#### TASK DESCRIPTION
Lines from the one containing "Saneamiento y depuración" through the last line of the data are to be returned exactly, both ends included, minus any pictures.

#### PROVIDED DATA
+===+

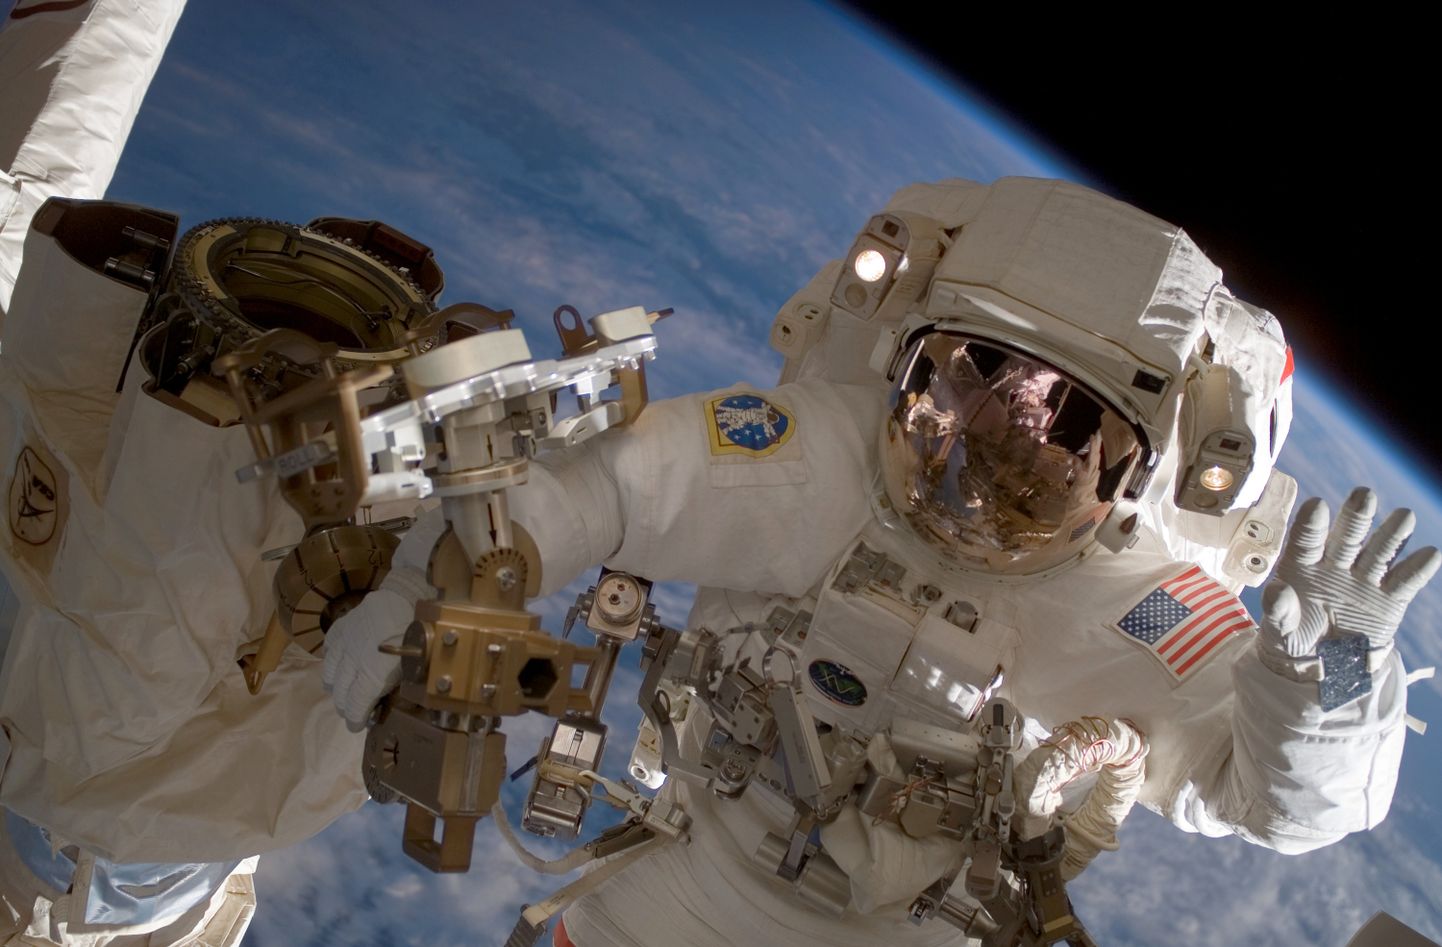 NASA astronauts atklātā kosmosā.
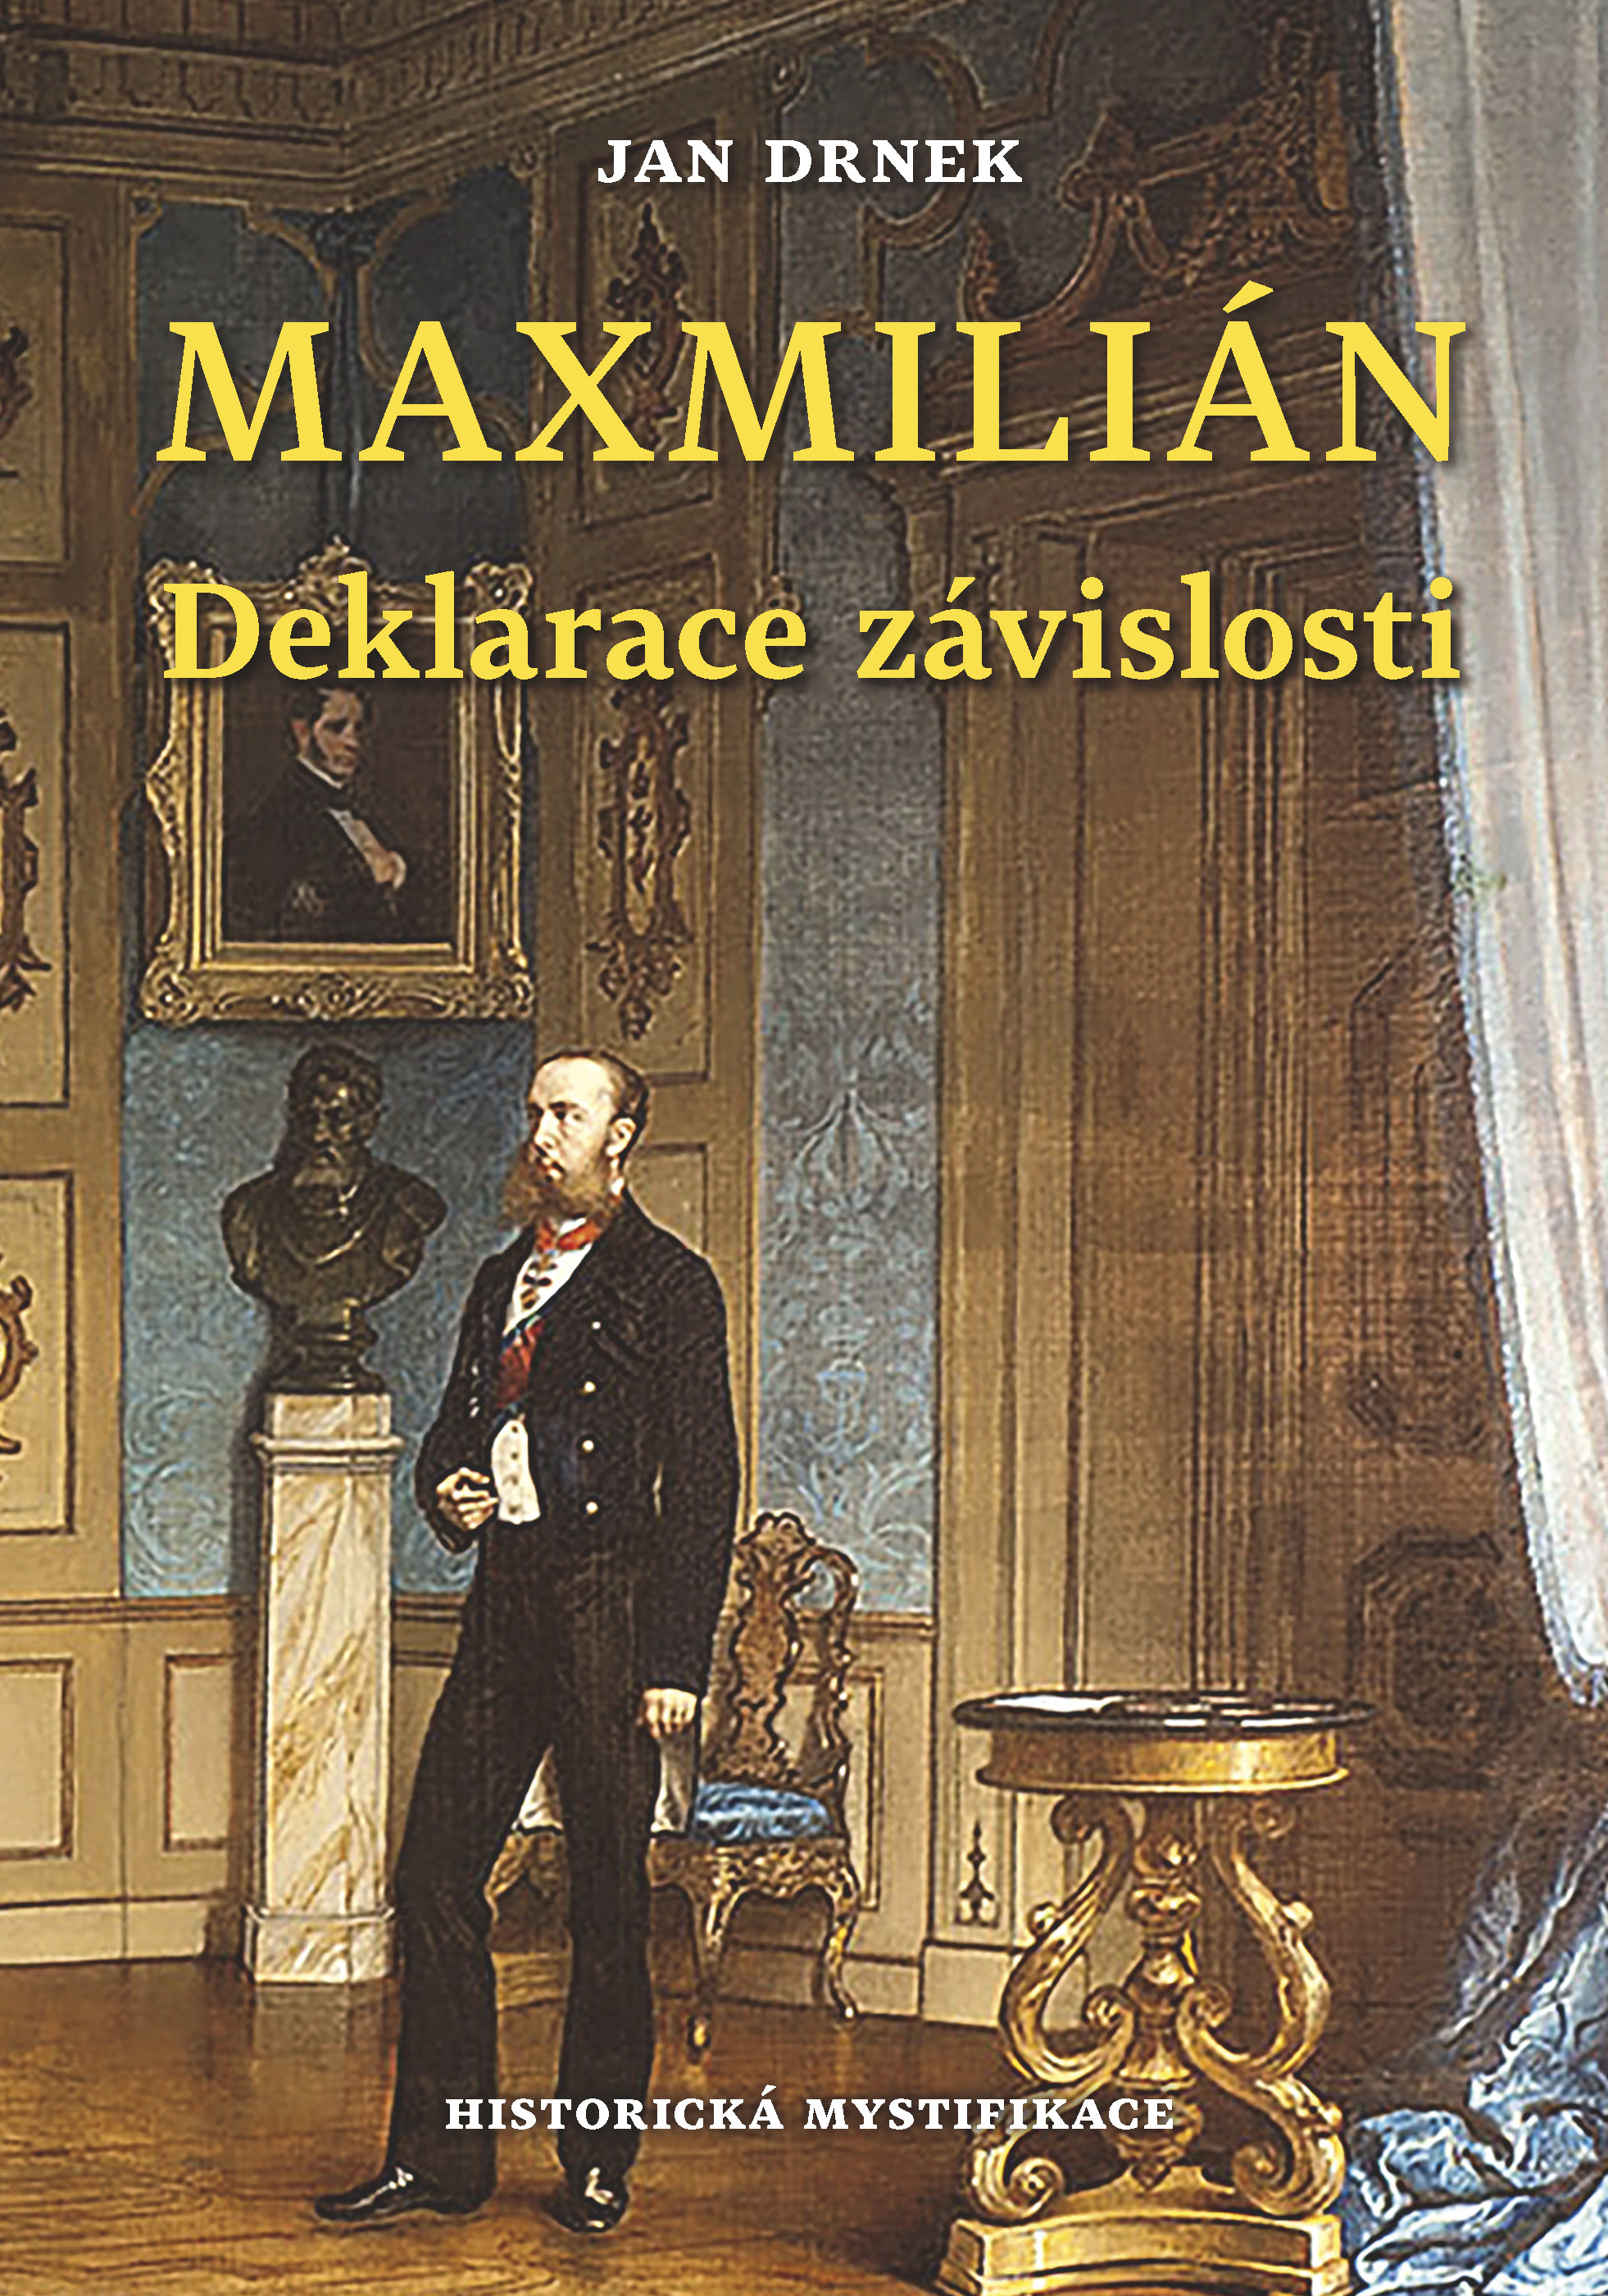 Maxmilián - Deklarace závislosti
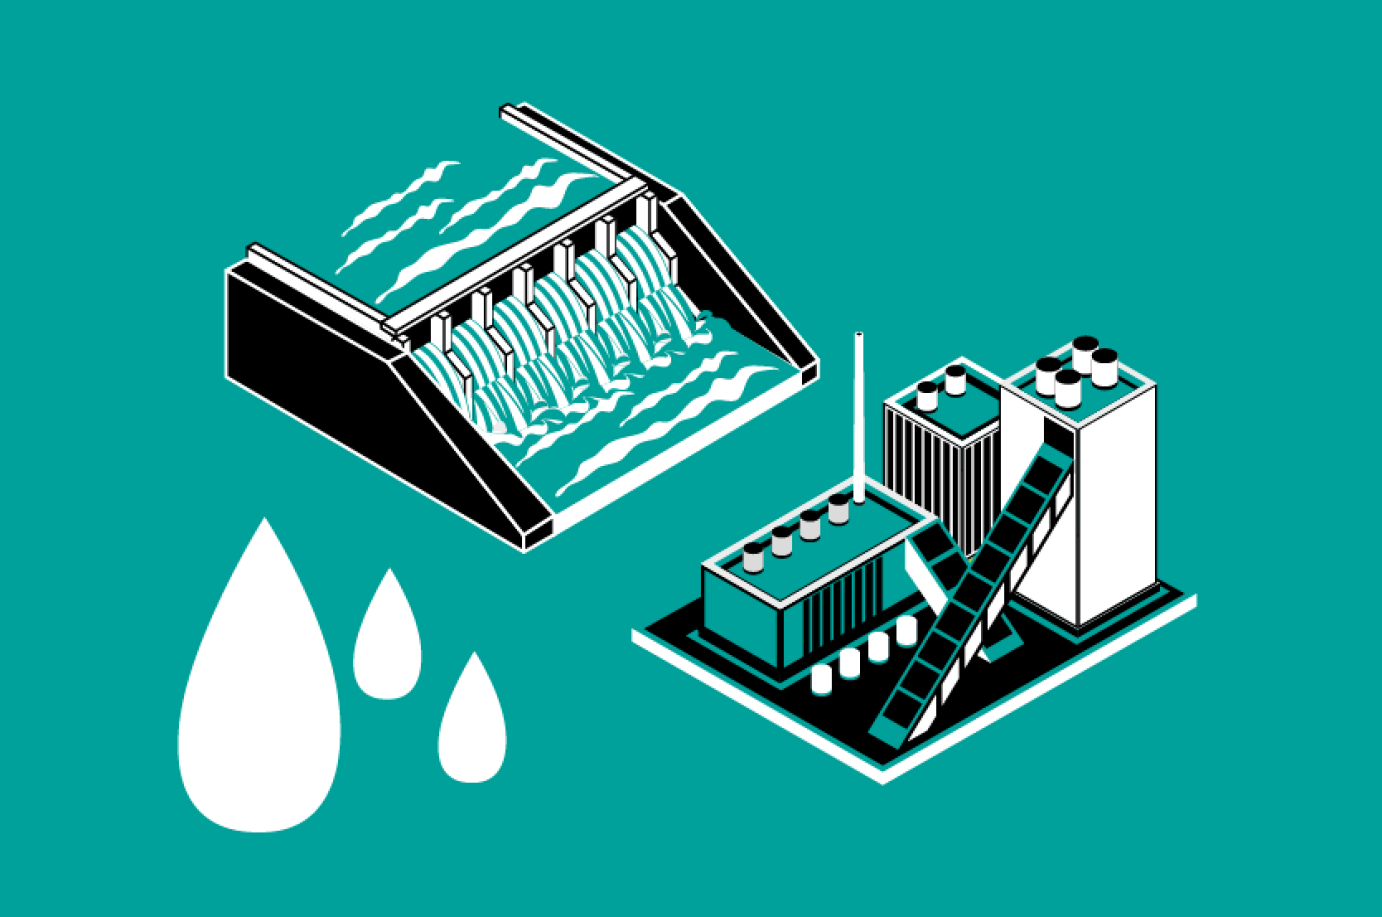 Saneamiento y depuración de agua con nuevas tecnologías
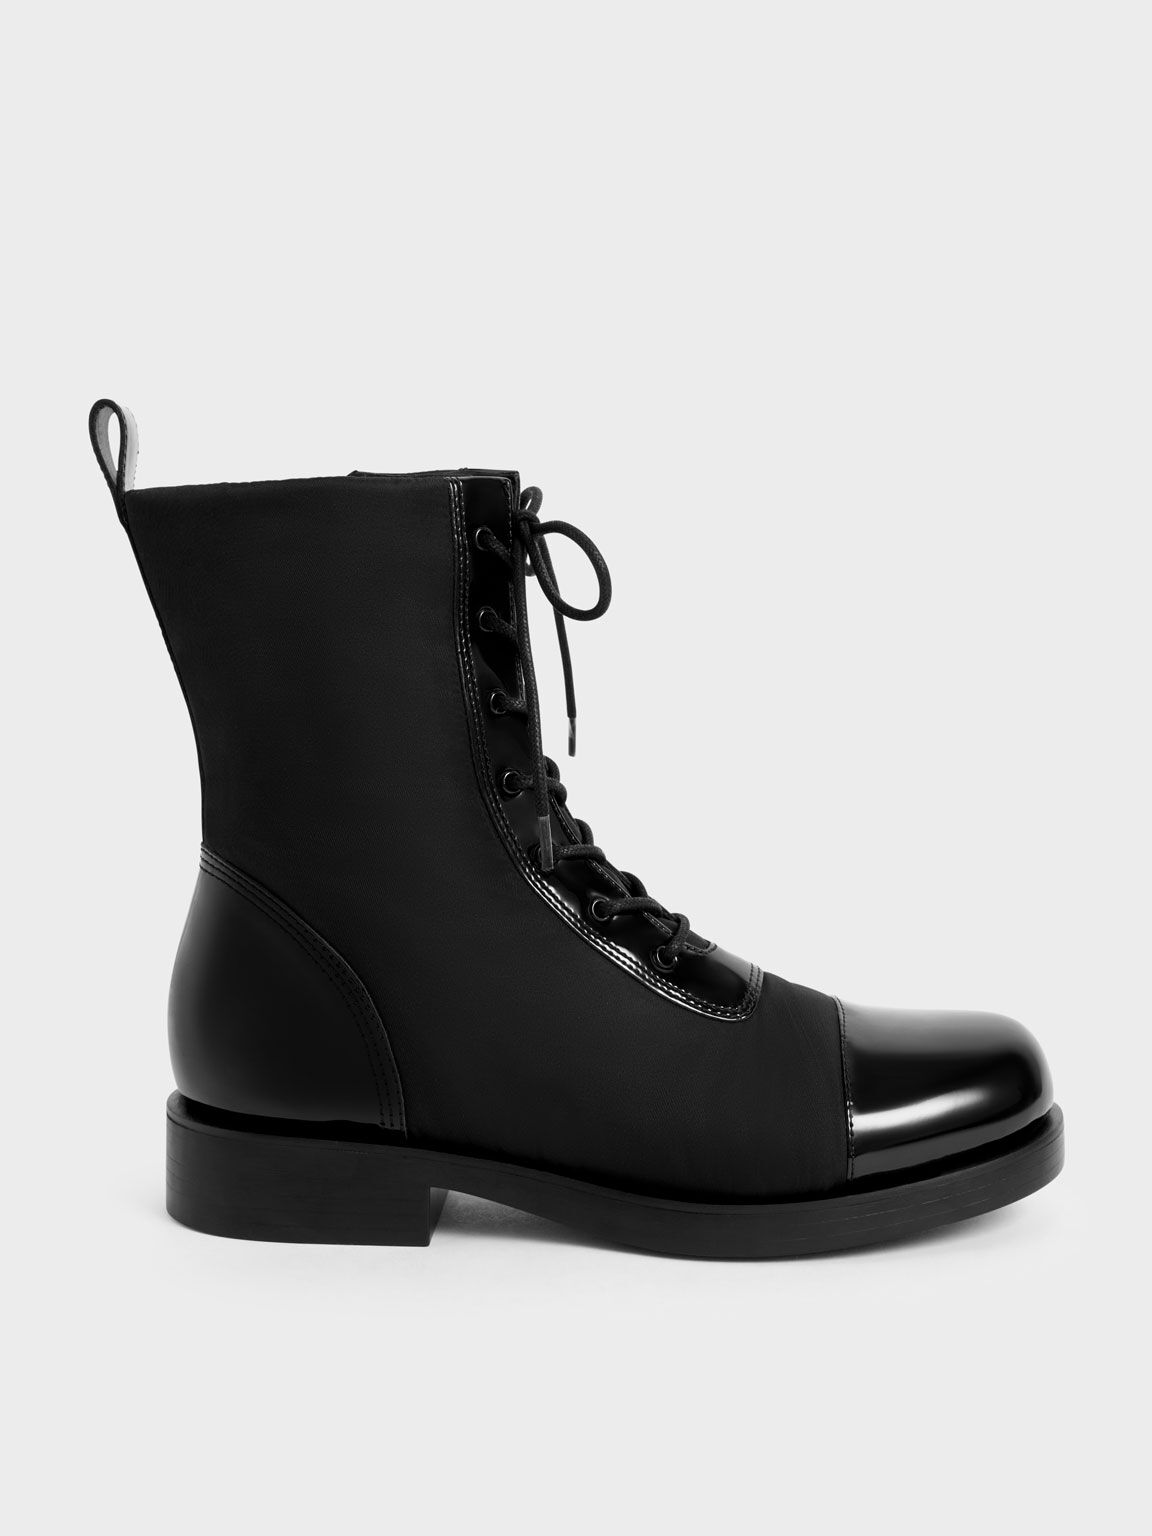 Nylon & Patent Combat Boots, Black, hi-res

+===+

#### SOLUTION FOR THIS PROBLEM
 Saneamiento y depuración de agua con nuevas tecnologías
 Nylon & Patent Combat Boots, Black, hi-res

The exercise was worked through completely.